▶ [PROBLEM STATEMENT]:
Quote word for word the lines starting at the line with "Too masturbation god bible" and ending at the final line of the entries. Leave out any pictures.

(Records from a dataset)
'''

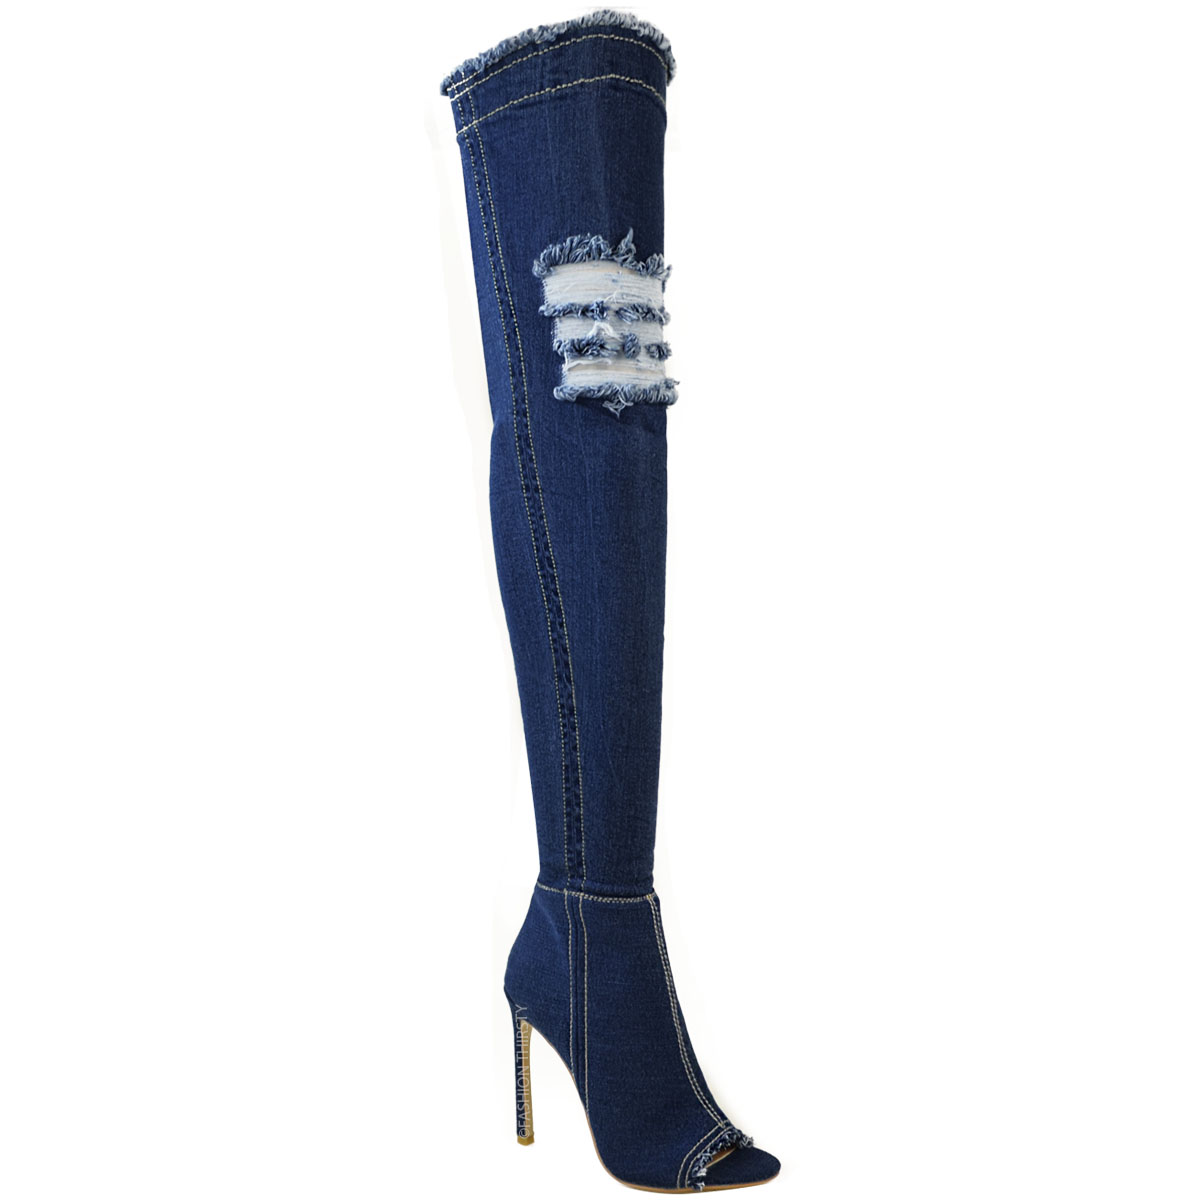 Womens Over The Knee Boots Thigh High Heels Stilettos Stretch Denim Size
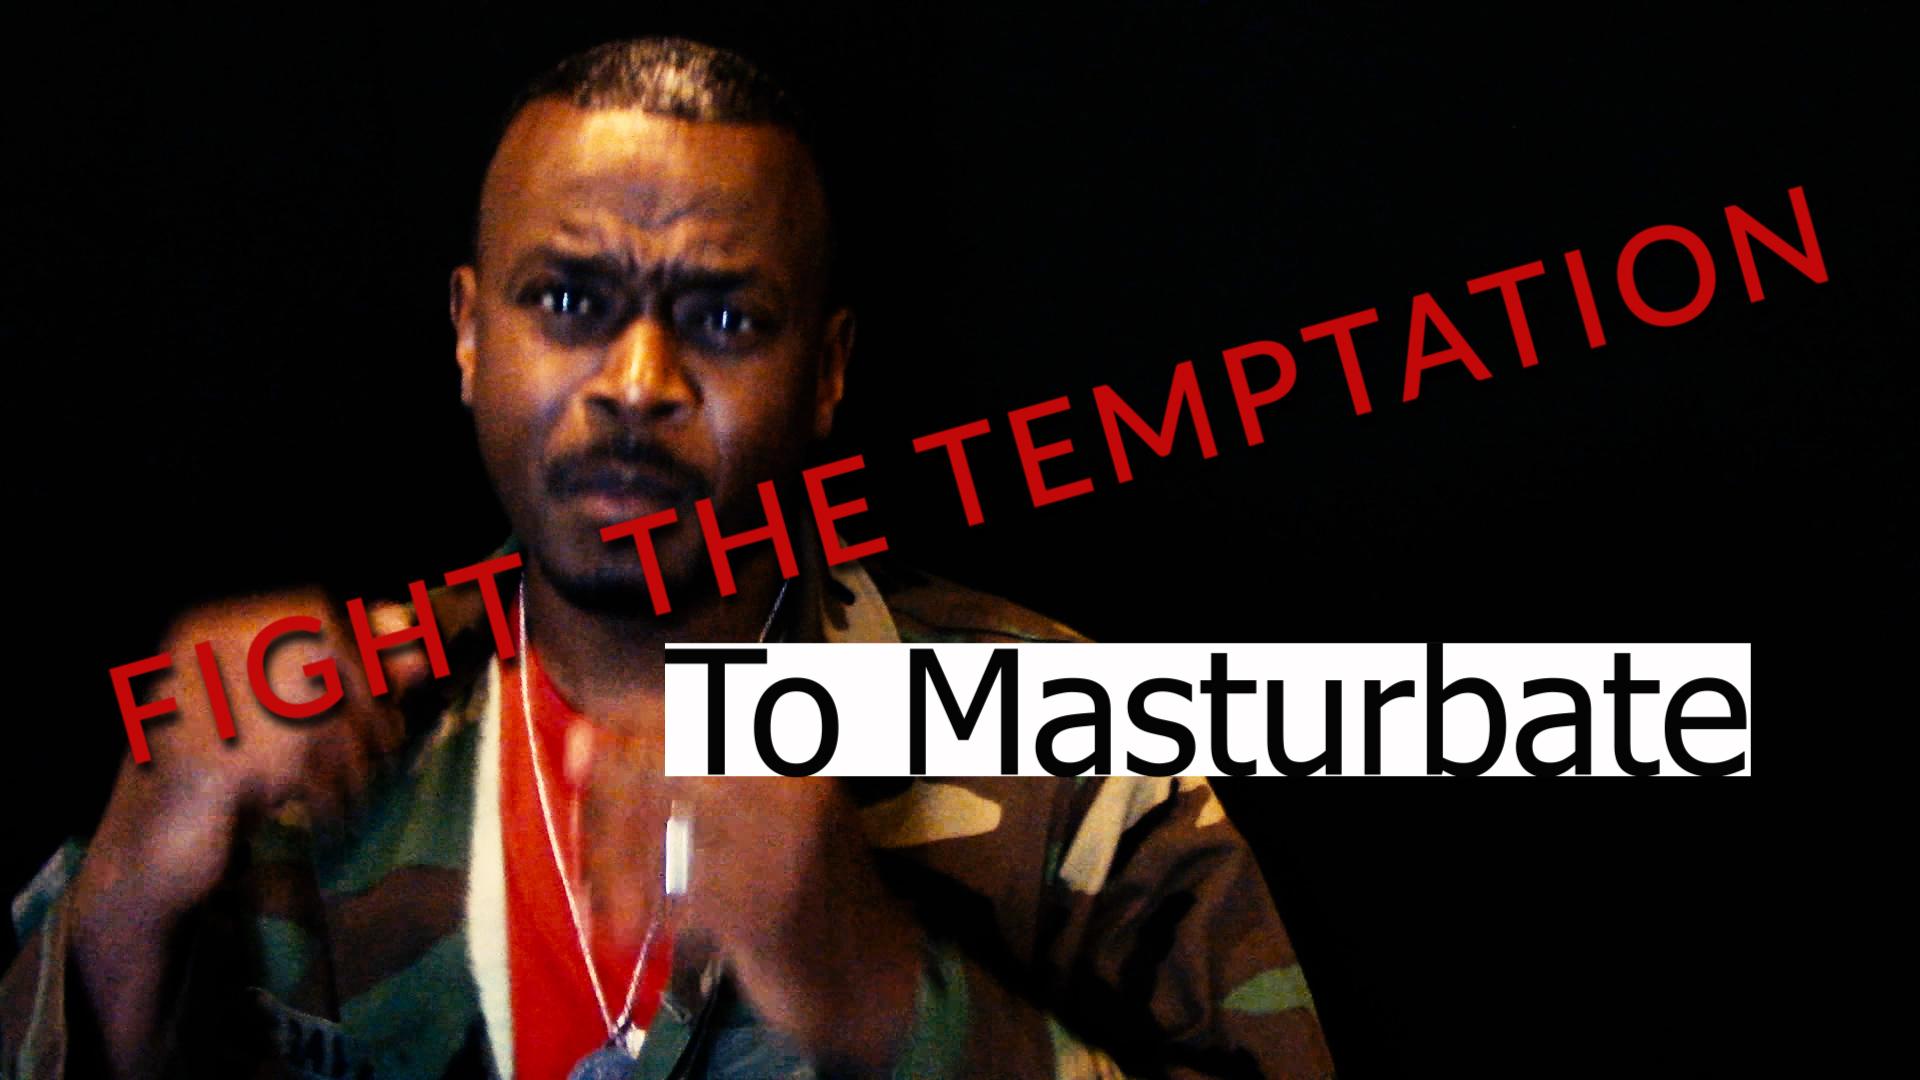 Too masturbation god bible
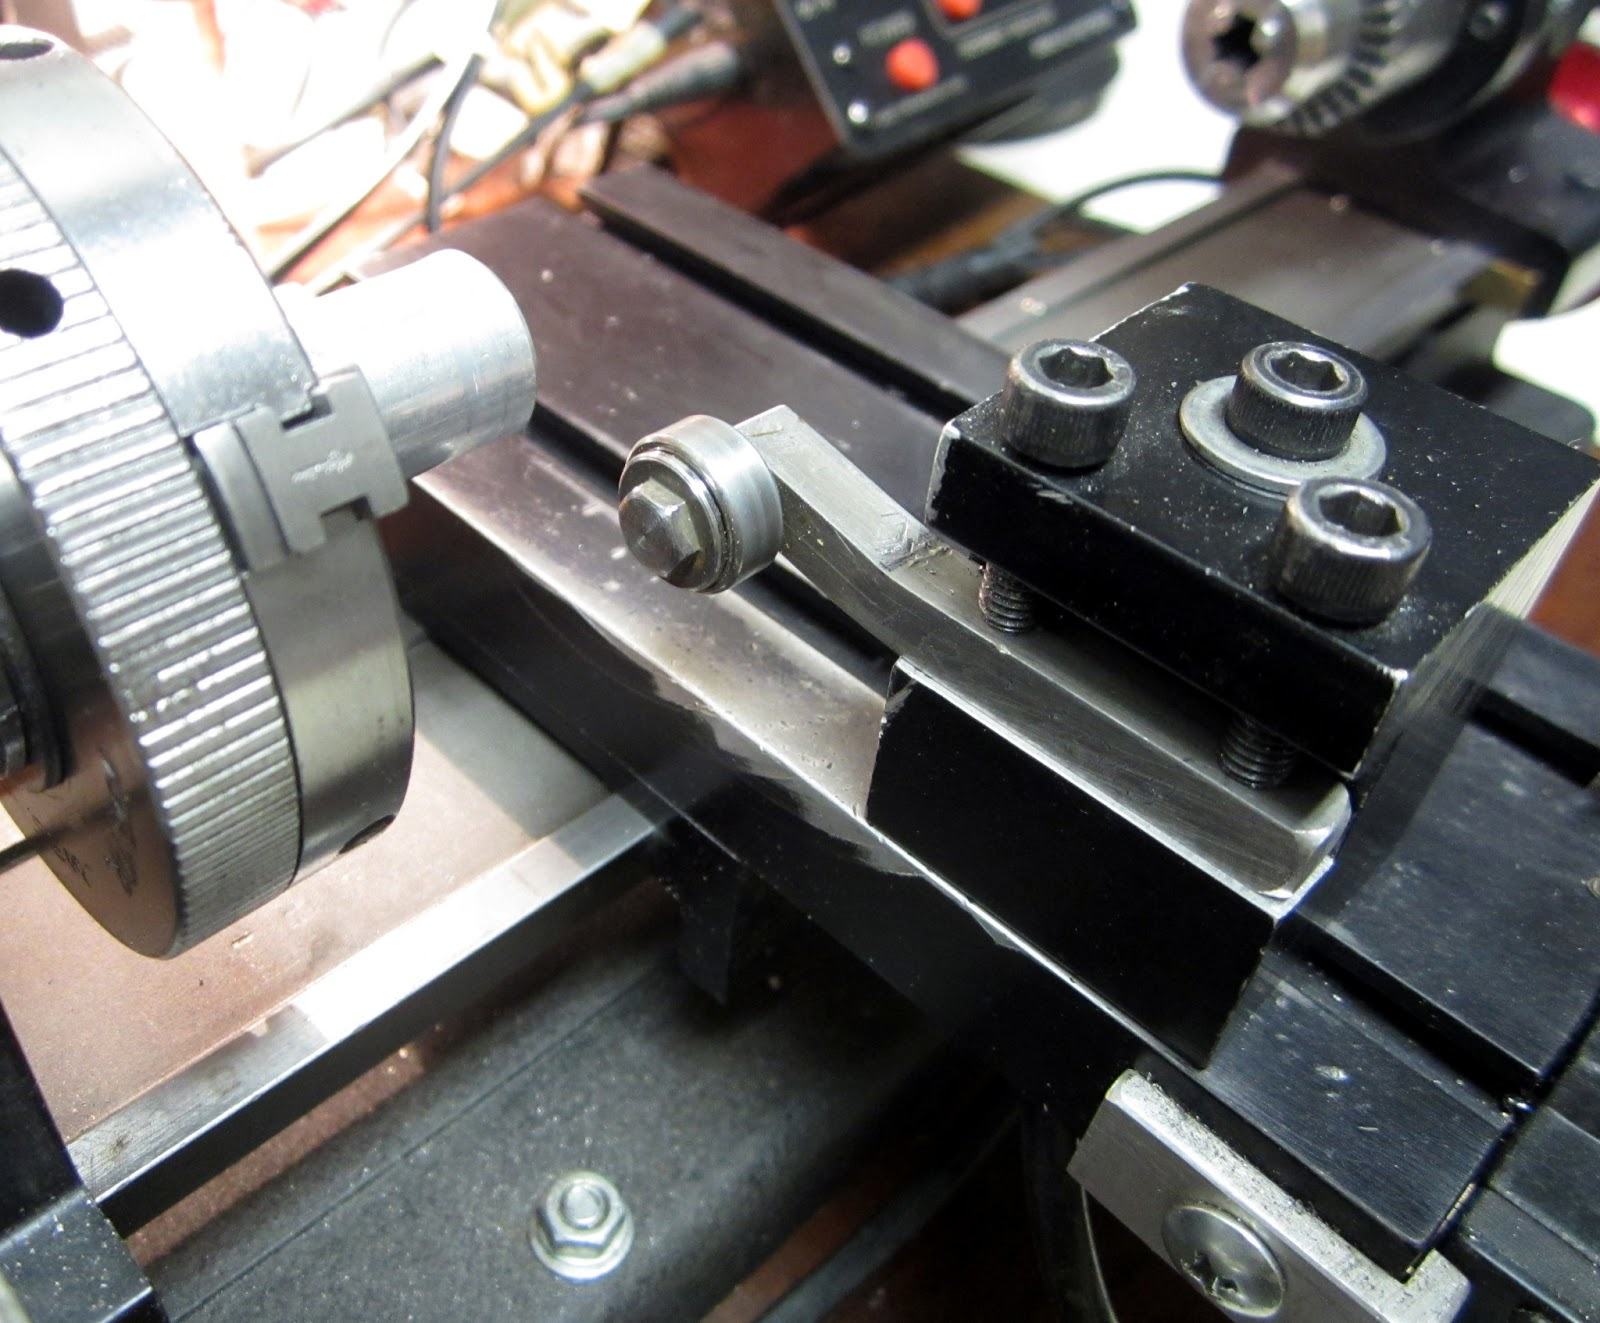 MI Shop Tools Inventions: Sherline Lathe - Workpiece
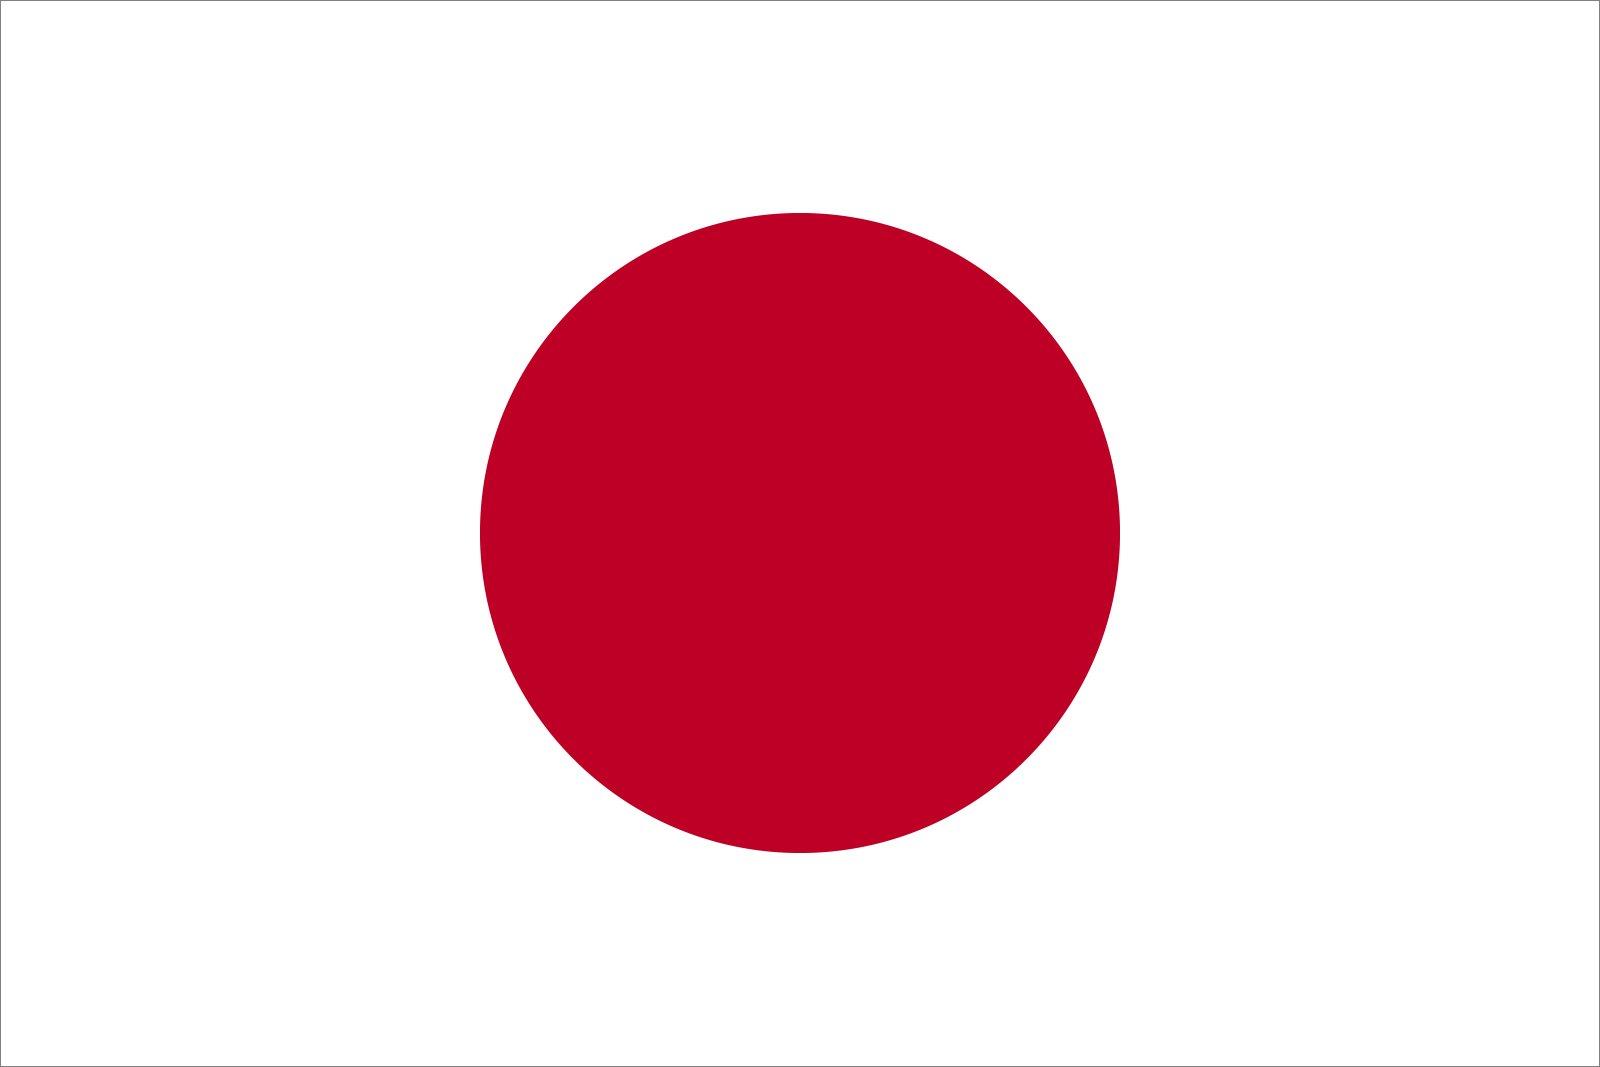 Travcour Visa & Legalisation Services Limited Japan Visa Application
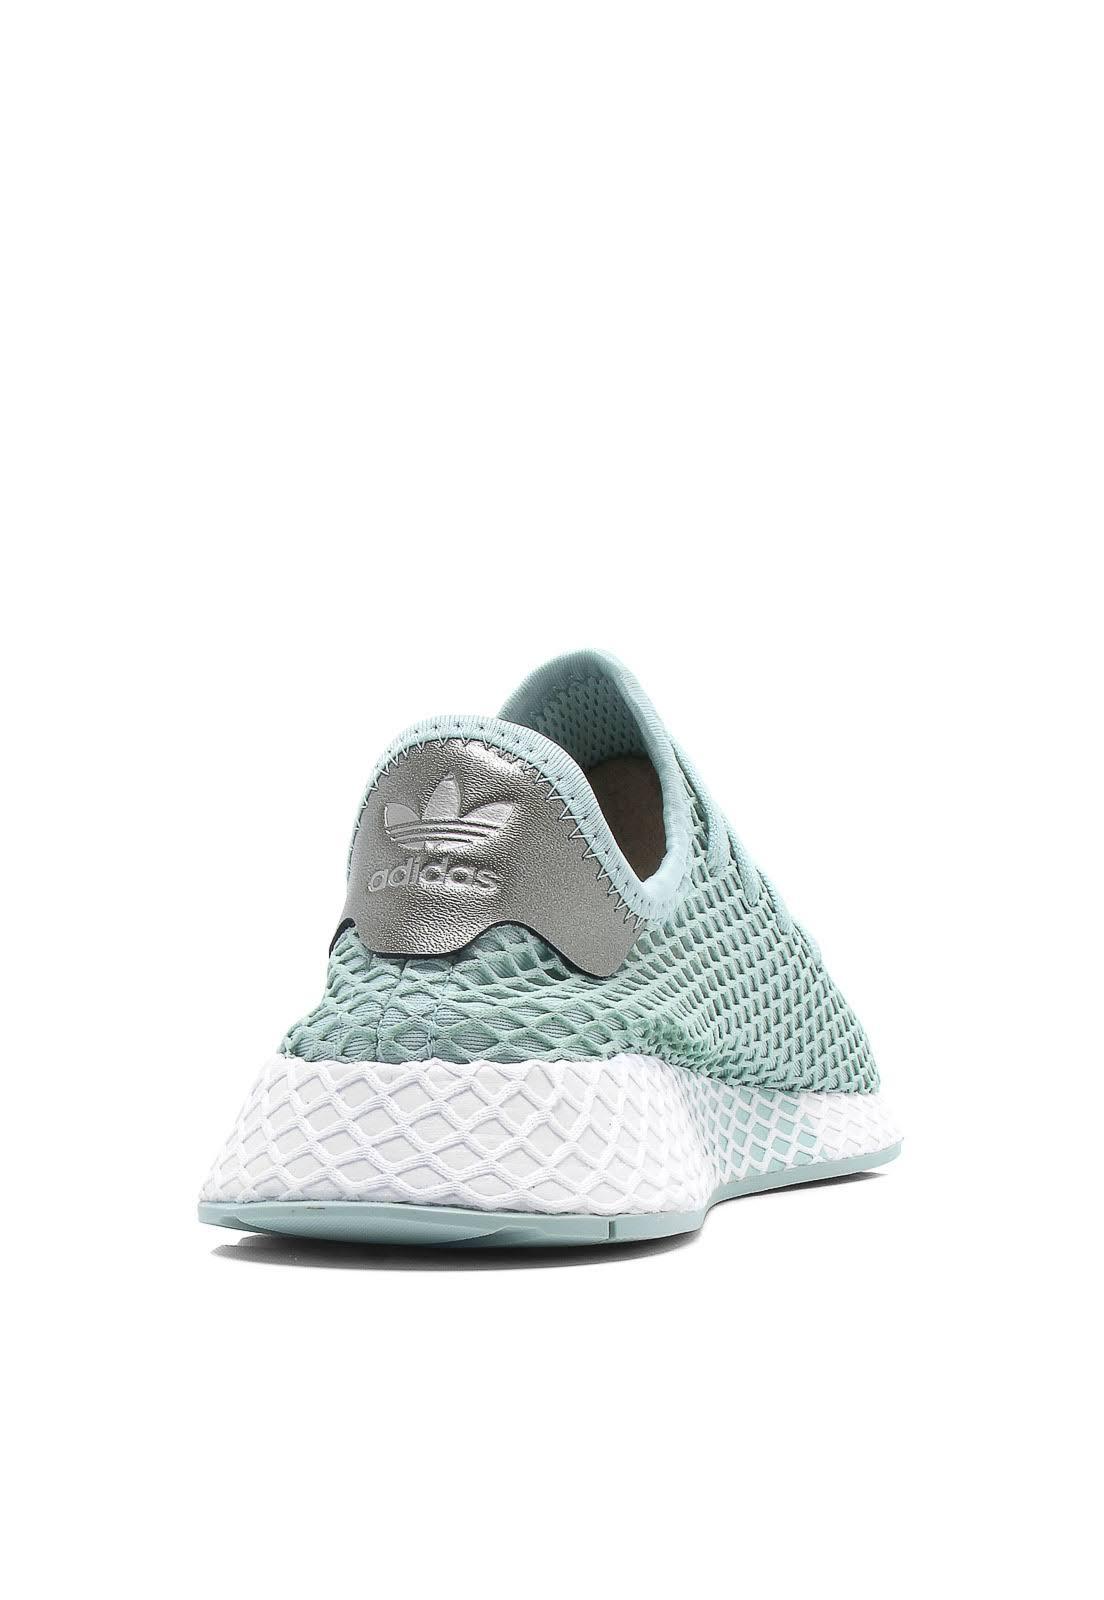 Deerupt Lifestyle Adidas Runner GroenDames Tennis 7mIb6gvYfy

'''

▶ [ANSWER SECTION]:
 Too masturbation god bible
 MI Shop Tools Inventions: Sherline Lathe - Workpiece
 Travcour Visa & Legalisation Services Limited Japan Visa Application
 Deerupt Lifestyle Adidas Runner GroenDames Tennis 7mIb6gvYfy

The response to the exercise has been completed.